▶ _AVAILABLE DATA_:
++++++

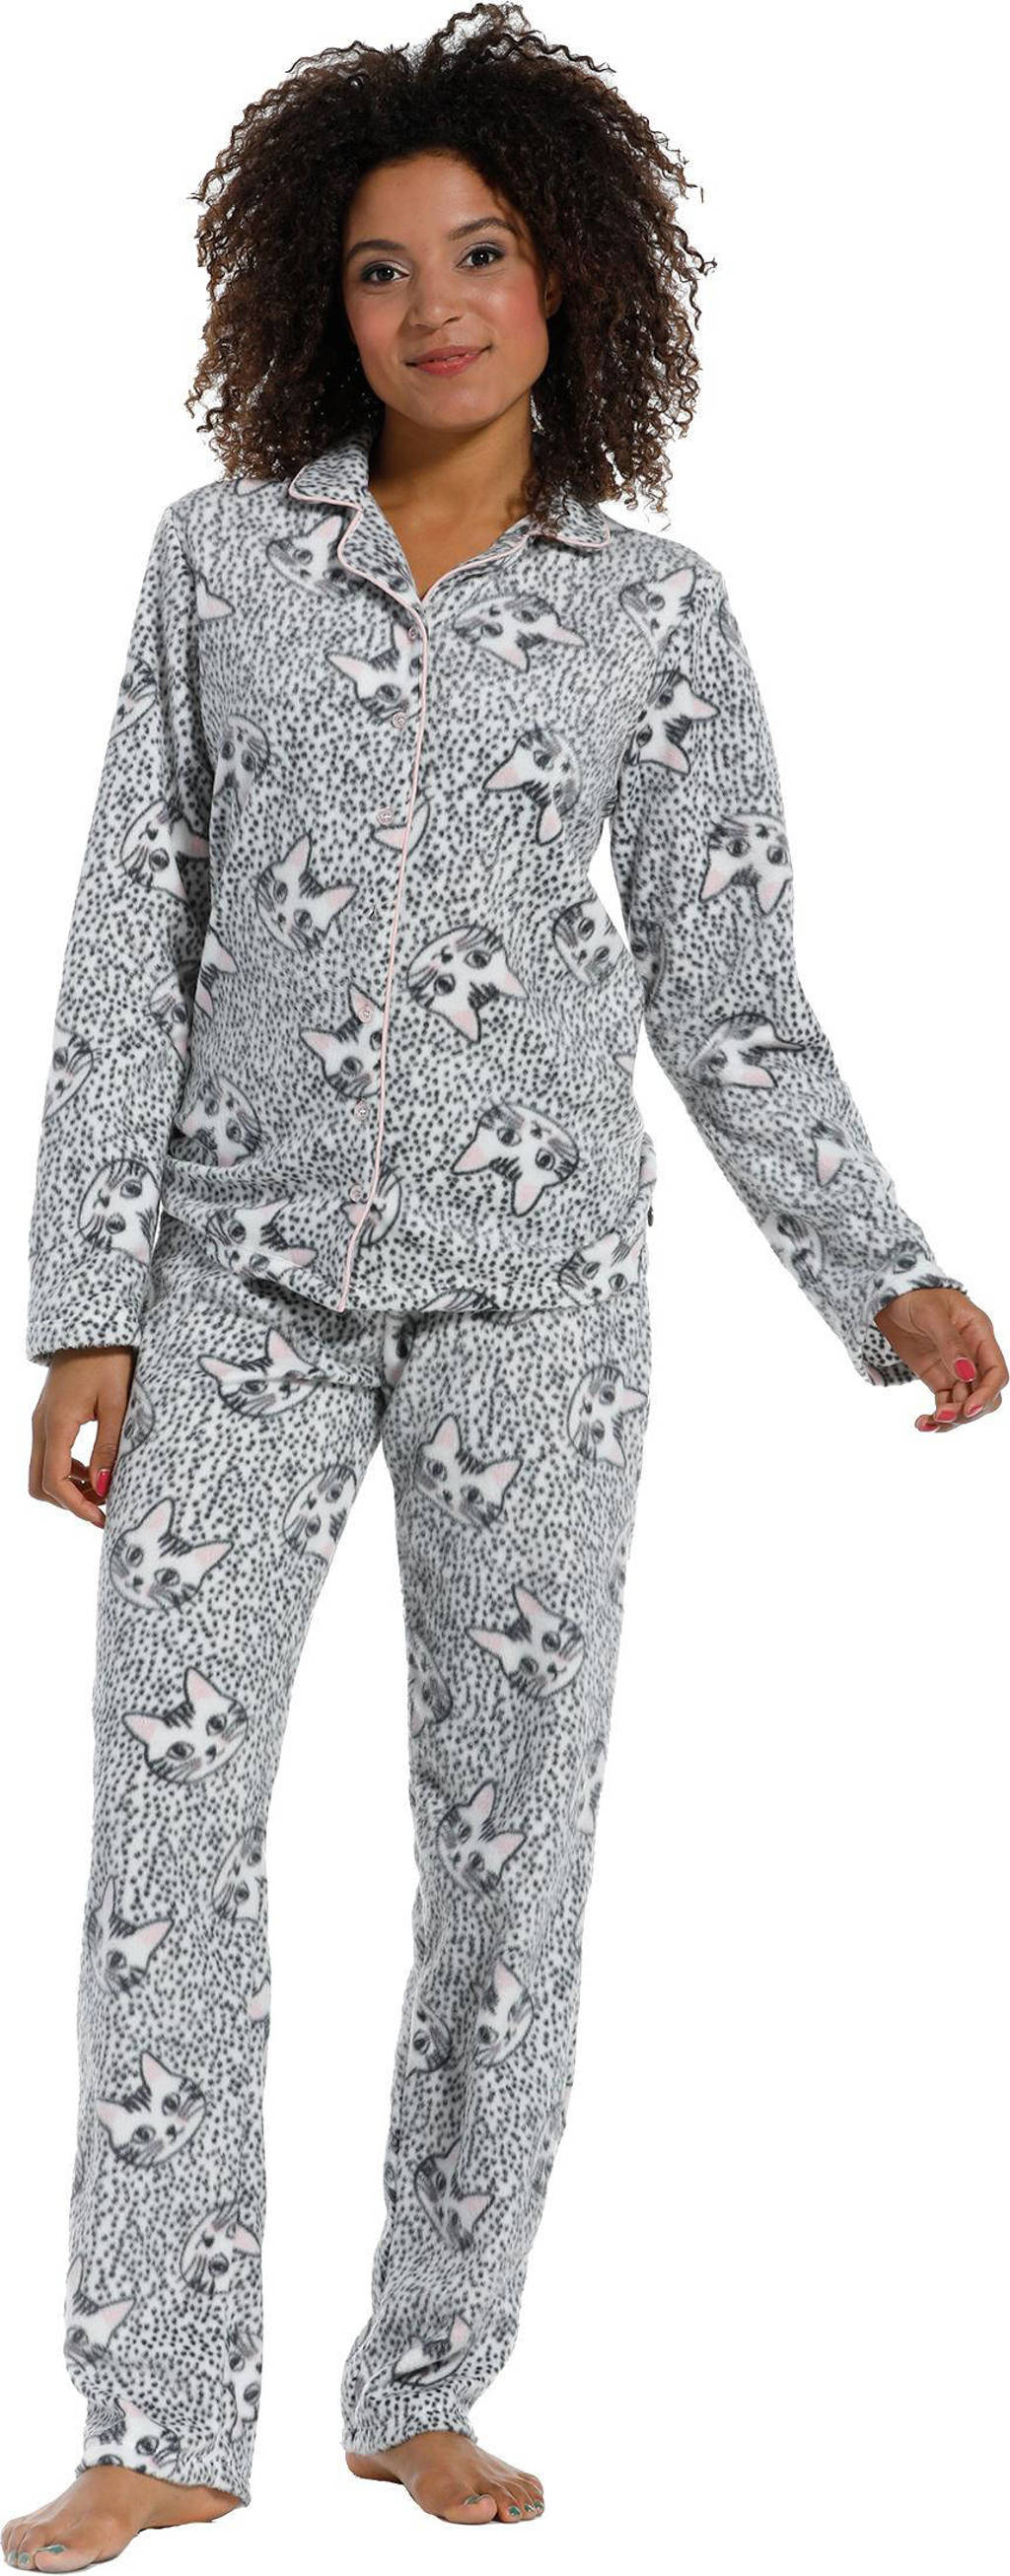 Rebelle fleece pyjama met poezen print grijs/roze, Grijs/roze
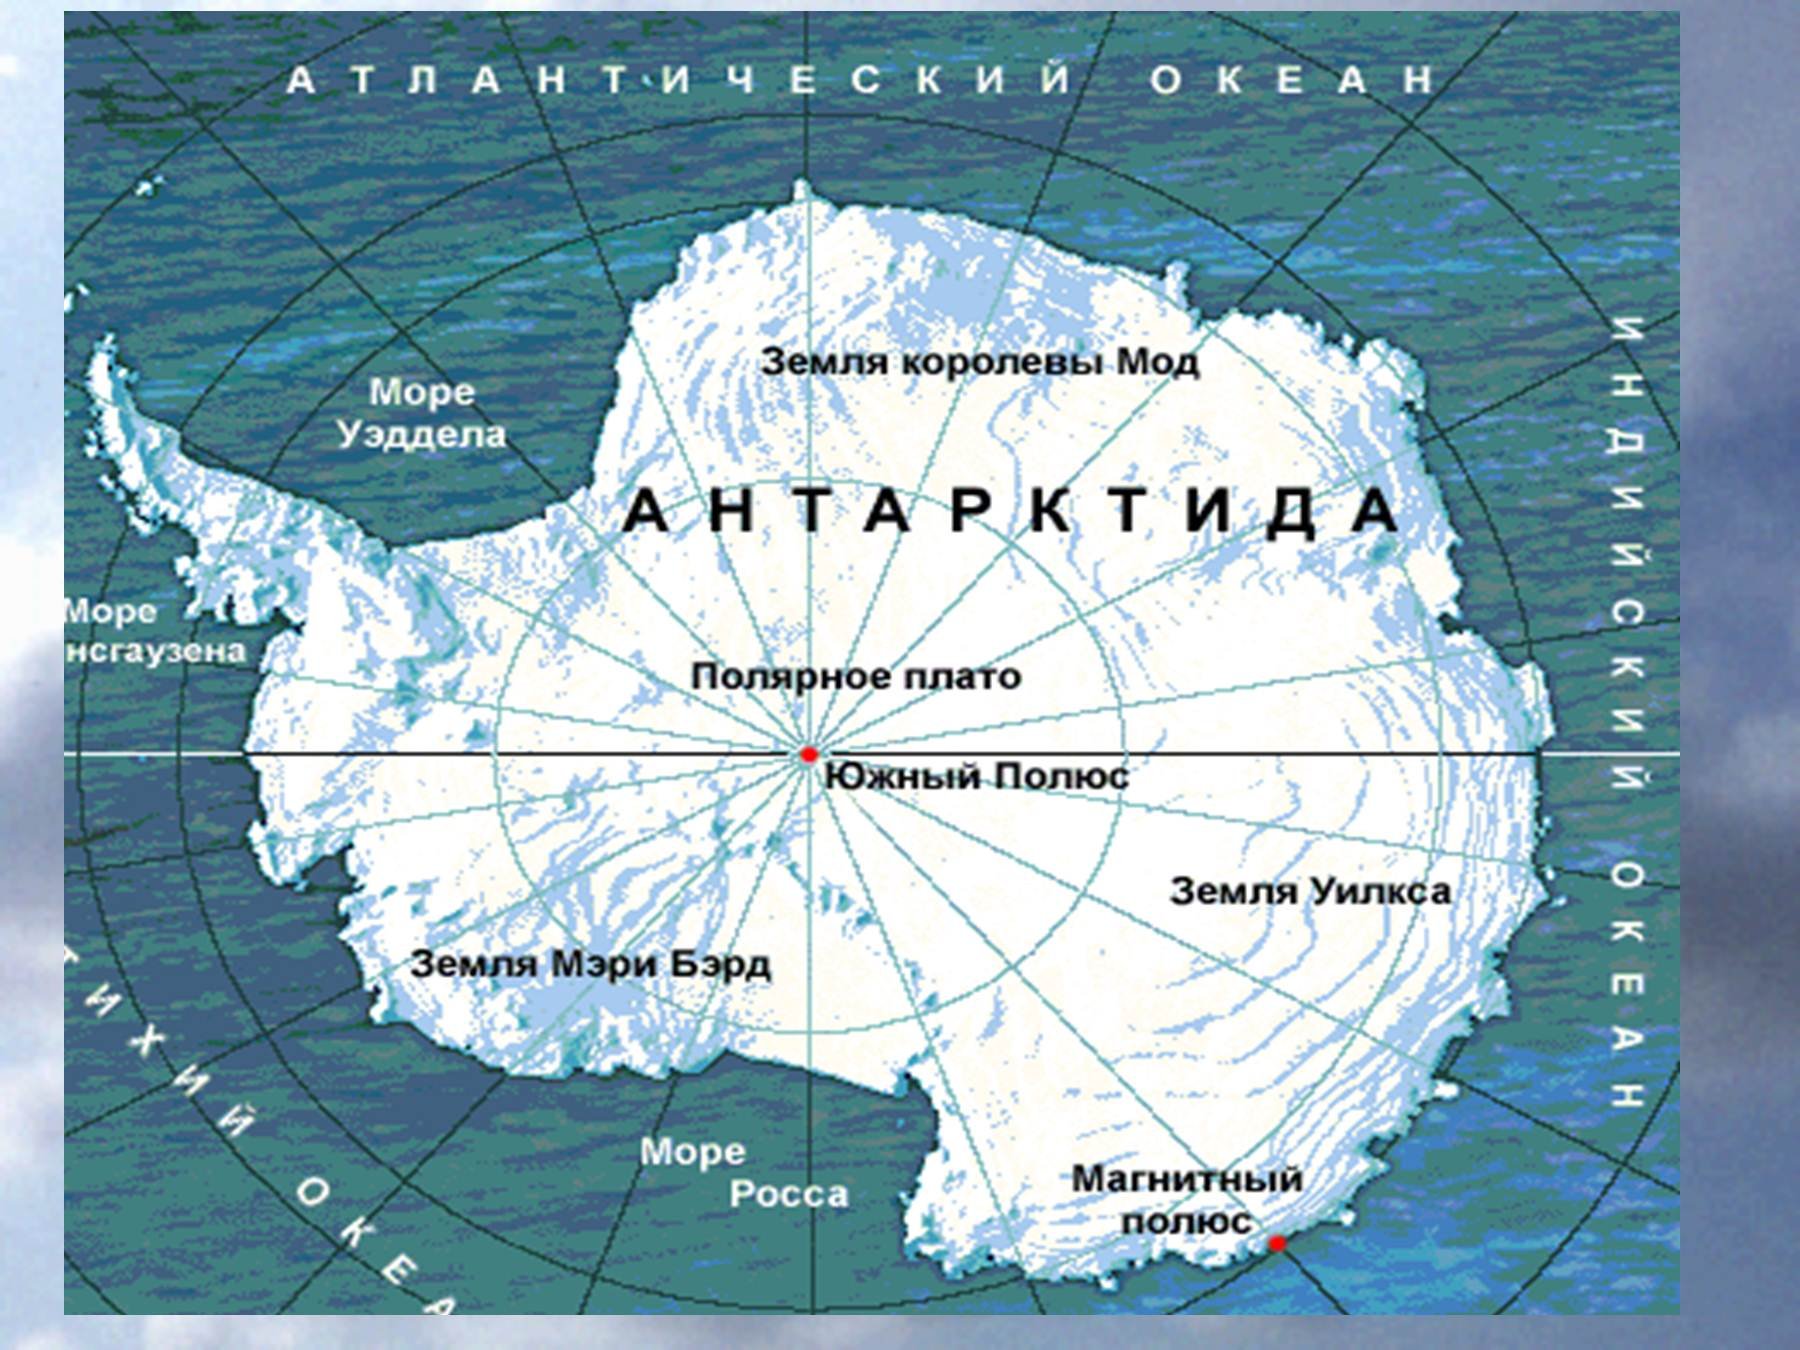 Контурная карта южного океана. Карта Антарктиды моря омывающие Антарктиду. Антарктида моря Росса Уэдделла Беллинсгаузена Амундсена. Моря: Амундсена, Беллинсгаузена, Росса, Уэдделла..
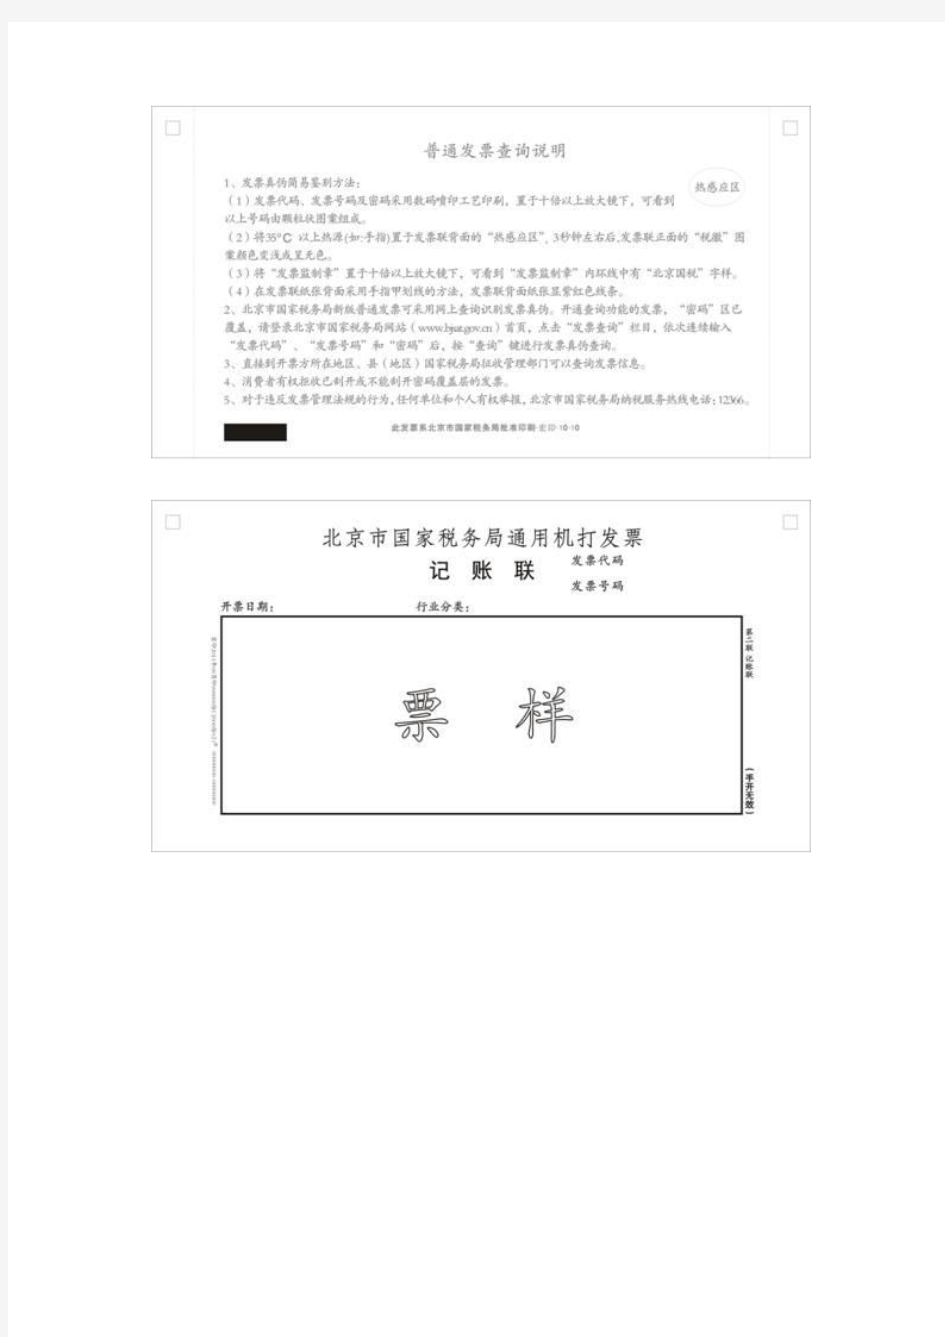 2011版北京市国家税务局通用机打发票通用手工发票 票样

++++++

▶ _WHAT YOU SHOULD DO_:
Hand back the data exactly as it appears, with all pictures cut.

▶ _REPLY TO THE EXERCISE_:
 Rebelle fleece pyjama met poezen print grijs/roze, Grijs/roze
 Контурная карта южного океана. Карта Антарктиды моря омывающие Антарктиду. Антарктида моря Росса Уэдделла Беллинсгаузена Амундсена. Моря: Амундсена, Беллинсгаузена, Росса, Уэдделла..
 2011版北京市国家税务局通用机打发票通用手工发票 票样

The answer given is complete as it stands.